» THE TASK
Write out each line of the entries exactly, starting at the first and finishing with the line that contains "I-Lost-My-Programmer".

» RECORDED DATA
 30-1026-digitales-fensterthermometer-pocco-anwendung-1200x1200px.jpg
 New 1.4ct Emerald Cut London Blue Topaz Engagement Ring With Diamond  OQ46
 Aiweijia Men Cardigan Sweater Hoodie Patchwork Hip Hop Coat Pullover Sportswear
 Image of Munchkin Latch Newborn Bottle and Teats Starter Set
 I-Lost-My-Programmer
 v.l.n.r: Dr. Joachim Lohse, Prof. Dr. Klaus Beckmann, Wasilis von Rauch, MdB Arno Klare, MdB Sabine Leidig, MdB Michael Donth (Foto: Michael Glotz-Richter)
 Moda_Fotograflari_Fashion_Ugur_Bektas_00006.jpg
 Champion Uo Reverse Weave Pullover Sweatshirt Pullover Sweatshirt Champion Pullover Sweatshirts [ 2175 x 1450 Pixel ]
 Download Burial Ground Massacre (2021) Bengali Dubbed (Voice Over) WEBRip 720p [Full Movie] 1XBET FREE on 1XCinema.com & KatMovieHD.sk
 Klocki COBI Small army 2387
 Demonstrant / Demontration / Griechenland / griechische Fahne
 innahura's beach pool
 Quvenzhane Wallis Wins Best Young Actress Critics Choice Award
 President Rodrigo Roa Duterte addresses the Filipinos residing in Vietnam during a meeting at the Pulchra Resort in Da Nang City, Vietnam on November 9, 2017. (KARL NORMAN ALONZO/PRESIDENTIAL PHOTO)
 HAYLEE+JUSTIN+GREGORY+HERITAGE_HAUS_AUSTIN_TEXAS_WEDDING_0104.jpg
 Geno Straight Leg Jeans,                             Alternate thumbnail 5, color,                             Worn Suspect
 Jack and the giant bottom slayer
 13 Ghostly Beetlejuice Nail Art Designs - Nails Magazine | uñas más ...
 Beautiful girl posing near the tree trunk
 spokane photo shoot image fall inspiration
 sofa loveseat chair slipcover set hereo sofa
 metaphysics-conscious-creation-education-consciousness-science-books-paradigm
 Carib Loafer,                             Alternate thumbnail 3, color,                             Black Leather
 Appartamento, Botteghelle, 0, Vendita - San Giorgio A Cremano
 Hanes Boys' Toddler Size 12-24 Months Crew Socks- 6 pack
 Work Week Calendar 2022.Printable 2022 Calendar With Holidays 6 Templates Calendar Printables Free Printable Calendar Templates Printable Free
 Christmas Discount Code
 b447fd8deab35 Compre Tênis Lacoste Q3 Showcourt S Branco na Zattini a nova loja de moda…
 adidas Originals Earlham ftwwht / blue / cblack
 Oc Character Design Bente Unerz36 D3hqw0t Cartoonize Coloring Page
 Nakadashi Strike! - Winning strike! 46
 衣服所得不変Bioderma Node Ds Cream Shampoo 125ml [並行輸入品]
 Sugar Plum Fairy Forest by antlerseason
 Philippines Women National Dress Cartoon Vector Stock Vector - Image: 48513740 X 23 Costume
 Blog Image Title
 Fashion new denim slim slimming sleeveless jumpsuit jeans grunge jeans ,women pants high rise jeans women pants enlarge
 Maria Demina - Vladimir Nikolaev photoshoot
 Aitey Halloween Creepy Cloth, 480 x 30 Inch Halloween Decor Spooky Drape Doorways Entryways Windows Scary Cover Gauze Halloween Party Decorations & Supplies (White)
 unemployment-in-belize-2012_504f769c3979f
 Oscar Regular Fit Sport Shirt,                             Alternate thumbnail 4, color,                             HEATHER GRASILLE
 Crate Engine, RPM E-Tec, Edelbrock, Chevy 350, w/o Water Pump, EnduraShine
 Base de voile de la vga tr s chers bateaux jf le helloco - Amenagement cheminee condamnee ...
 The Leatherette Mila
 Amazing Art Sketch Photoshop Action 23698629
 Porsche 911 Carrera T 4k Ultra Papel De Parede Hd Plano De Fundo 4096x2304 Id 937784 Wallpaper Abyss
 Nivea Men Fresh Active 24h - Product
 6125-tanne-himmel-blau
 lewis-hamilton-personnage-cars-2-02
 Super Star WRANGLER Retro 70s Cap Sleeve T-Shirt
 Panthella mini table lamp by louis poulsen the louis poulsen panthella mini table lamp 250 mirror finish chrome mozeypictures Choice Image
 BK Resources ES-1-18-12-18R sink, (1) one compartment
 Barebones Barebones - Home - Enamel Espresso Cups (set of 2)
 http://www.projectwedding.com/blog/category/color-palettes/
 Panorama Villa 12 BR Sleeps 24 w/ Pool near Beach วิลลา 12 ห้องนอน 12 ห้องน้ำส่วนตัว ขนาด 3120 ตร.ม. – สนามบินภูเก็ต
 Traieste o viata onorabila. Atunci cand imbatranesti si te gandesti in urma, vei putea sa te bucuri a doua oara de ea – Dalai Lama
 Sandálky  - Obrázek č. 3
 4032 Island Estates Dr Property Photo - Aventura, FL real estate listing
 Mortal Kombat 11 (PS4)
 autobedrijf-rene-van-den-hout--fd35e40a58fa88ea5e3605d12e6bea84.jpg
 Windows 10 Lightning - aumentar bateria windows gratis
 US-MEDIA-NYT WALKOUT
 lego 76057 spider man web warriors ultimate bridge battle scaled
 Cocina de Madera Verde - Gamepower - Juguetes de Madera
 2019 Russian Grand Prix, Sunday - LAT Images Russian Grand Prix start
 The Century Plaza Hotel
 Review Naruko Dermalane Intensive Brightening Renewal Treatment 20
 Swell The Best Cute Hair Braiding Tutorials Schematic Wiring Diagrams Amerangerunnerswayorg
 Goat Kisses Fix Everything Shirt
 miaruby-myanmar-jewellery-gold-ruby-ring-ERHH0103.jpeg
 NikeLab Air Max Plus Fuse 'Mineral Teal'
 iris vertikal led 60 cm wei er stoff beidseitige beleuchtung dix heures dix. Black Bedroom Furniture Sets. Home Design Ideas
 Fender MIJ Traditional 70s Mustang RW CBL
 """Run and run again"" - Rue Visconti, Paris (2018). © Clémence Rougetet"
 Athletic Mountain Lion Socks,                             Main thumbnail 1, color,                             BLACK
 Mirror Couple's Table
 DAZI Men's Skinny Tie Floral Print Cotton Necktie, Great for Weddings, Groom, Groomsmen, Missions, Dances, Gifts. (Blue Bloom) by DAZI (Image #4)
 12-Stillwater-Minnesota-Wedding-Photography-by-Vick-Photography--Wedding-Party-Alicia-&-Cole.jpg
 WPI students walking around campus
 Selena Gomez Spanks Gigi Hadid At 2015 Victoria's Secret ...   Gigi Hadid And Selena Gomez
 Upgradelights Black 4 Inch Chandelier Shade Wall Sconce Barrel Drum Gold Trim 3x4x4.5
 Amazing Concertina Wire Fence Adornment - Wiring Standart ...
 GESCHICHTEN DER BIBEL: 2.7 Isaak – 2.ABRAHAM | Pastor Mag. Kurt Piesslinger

» RESULT FOR THIS EXERCISE
 30-1026-digitales-fensterthermometer-pocco-anwendung-1200x1200px.jpg
 New 1.4ct Emerald Cut London Blue Topaz Engagement Ring With Diamond  OQ46
 Aiweijia Men Cardigan Sweater Hoodie Patchwork Hip Hop Coat Pullover Sportswear
 Image of Munchkin Latch Newborn Bottle and Teats Starter Set
 I-Lost-My-Programmer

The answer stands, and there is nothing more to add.